Лавиния Кинг перешла от окна к столу. На столе стояли четыре огромные вазы-полушария из серебра. В них находились самые лучшие цветы, которые только можно было достать в Лондоне — дар аборигенов ее таланту. Одна из ваз, впрочем, была заполнена персиками по четыре шиллинга штука. Лавиния бросила один брату, другой — рыцарю Академии художеств.

— Не пойму, что это за человек, — продолжала свои рассуждения Эми Брау. — Возможно, он как-то связан с этим домом.

Блауштейн, художник, весь погрузился в мякоть персика, блестя очками с толстыми стеклами.

— Да-да, дорогая, — вещала Эми дальше, откашлявшись. — Вам предстоит путешествие, и именно из-за этого письма. Девятка плюс туз — это десять, плюс тройка опять тринадцать! Вы еще получите свой недостающий подарок. Это так же верно, как-то, что я туг сижу.

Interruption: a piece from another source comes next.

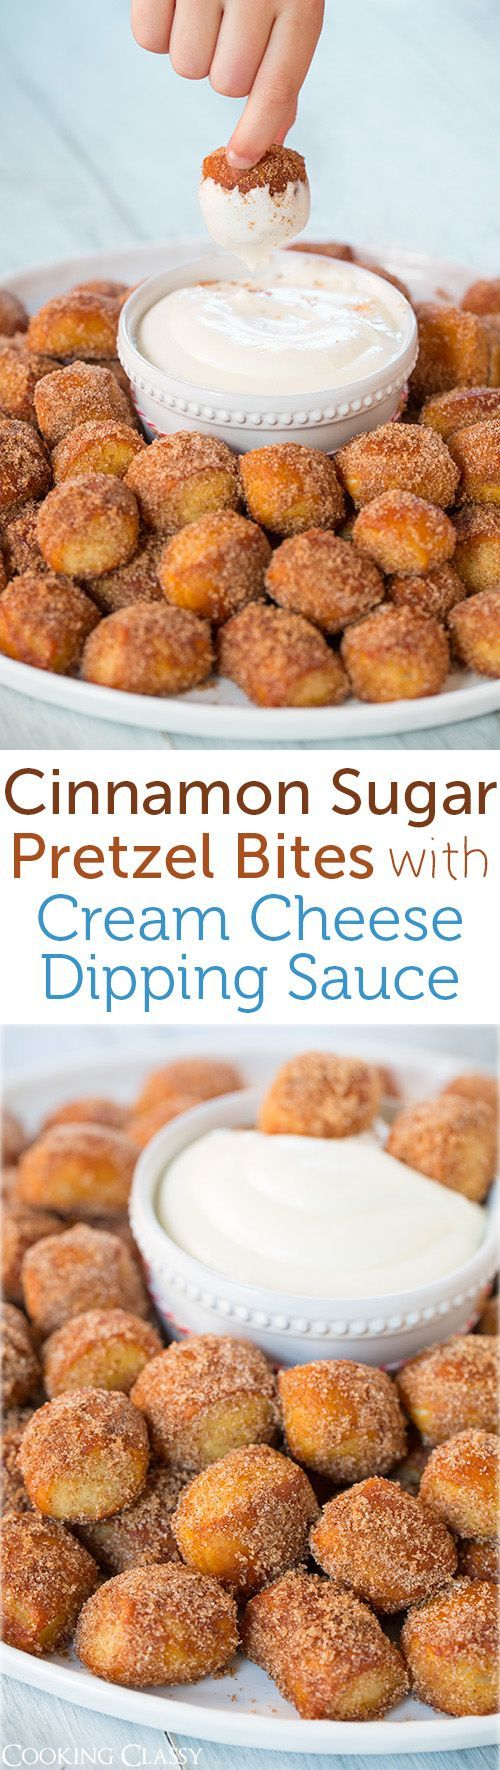 Copycat Auntie Annes Cinnamon Sugar Pretzel Bites with Cream Cheese Dipping…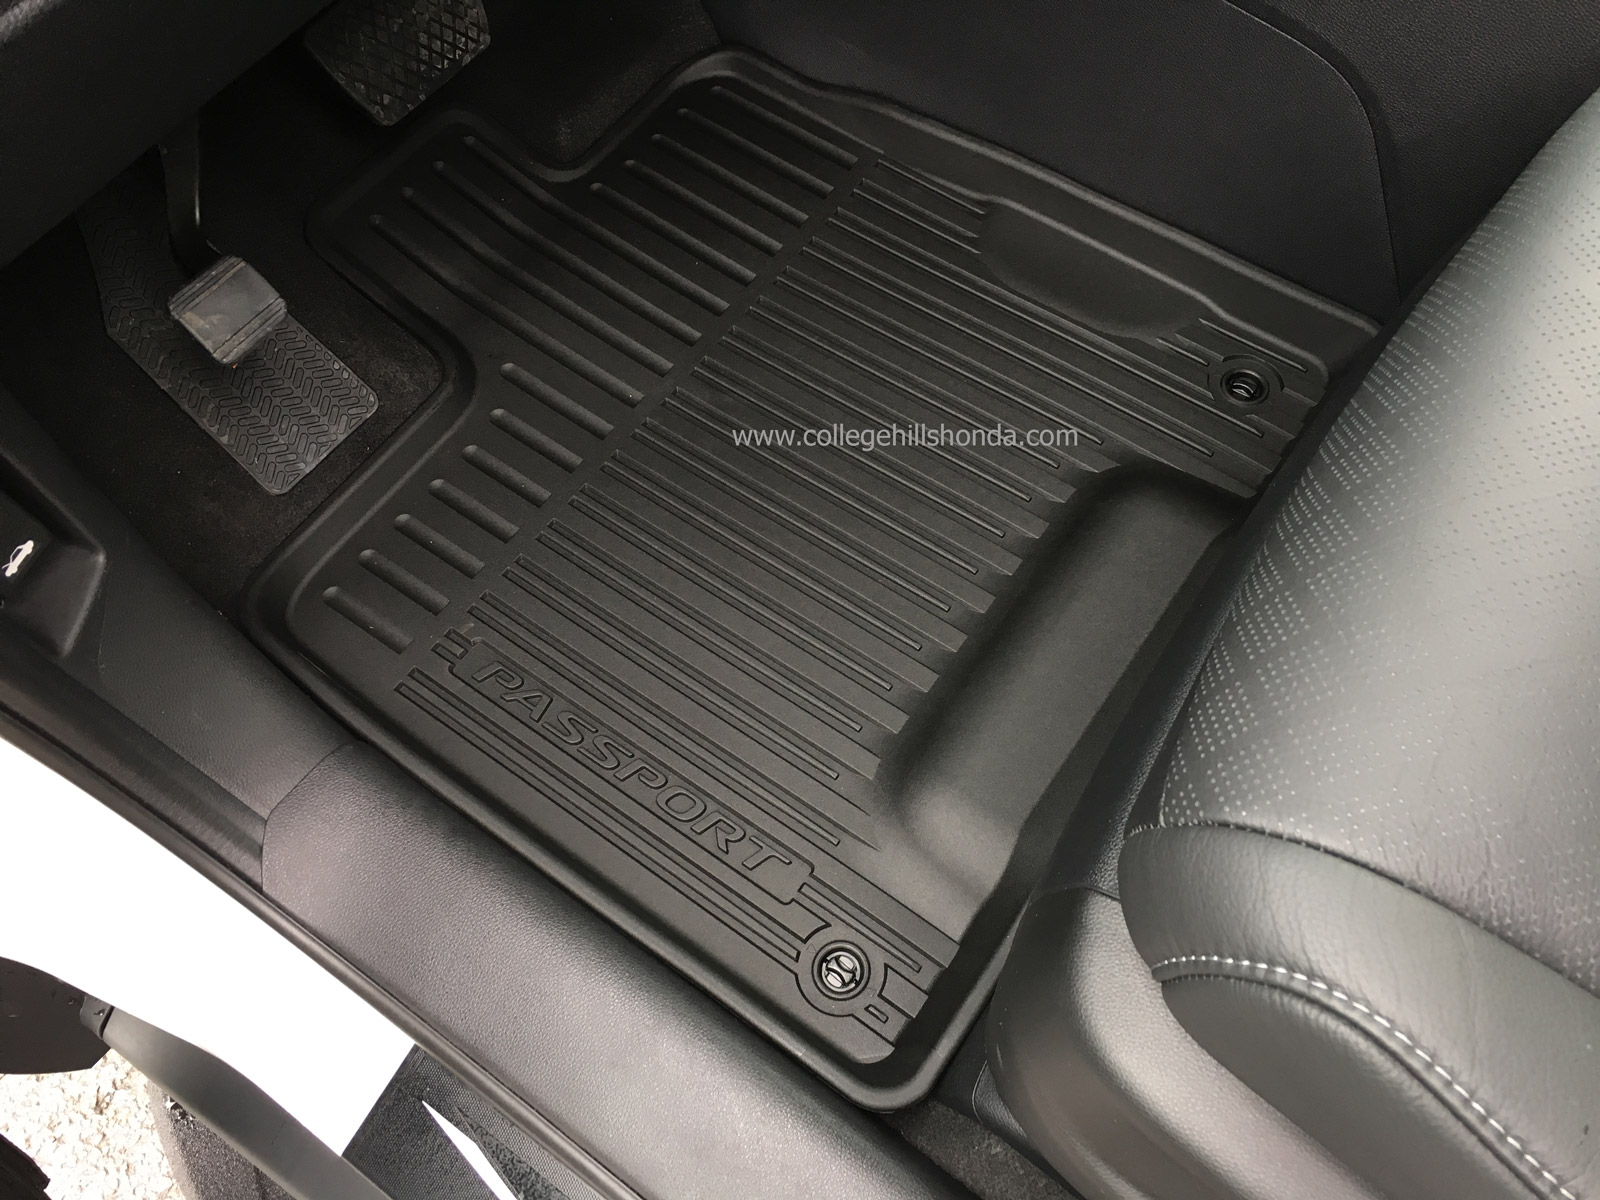 Honda Civic Aftermarket Parts >> 2019-2020 Honda Passport All Season Floor Mats - 08P17-TGS-100

— Правда получу? — спросила Лиза, чуть не задыхаясь от жары. Да не сойти мне с этого места!

— А может, хватит? — раздраженно воскликнула Лавиния. — Я хочу спать!

— Если ты уйдешь спать с моего дня рождения, — отозвалась Лиза, — я перестану с тобой разговаривать.

— Может быть, поделаем что-нибудь? — спросил Блауштейн, никогда не умевший делать что-нибудь, кроме своих рисунков.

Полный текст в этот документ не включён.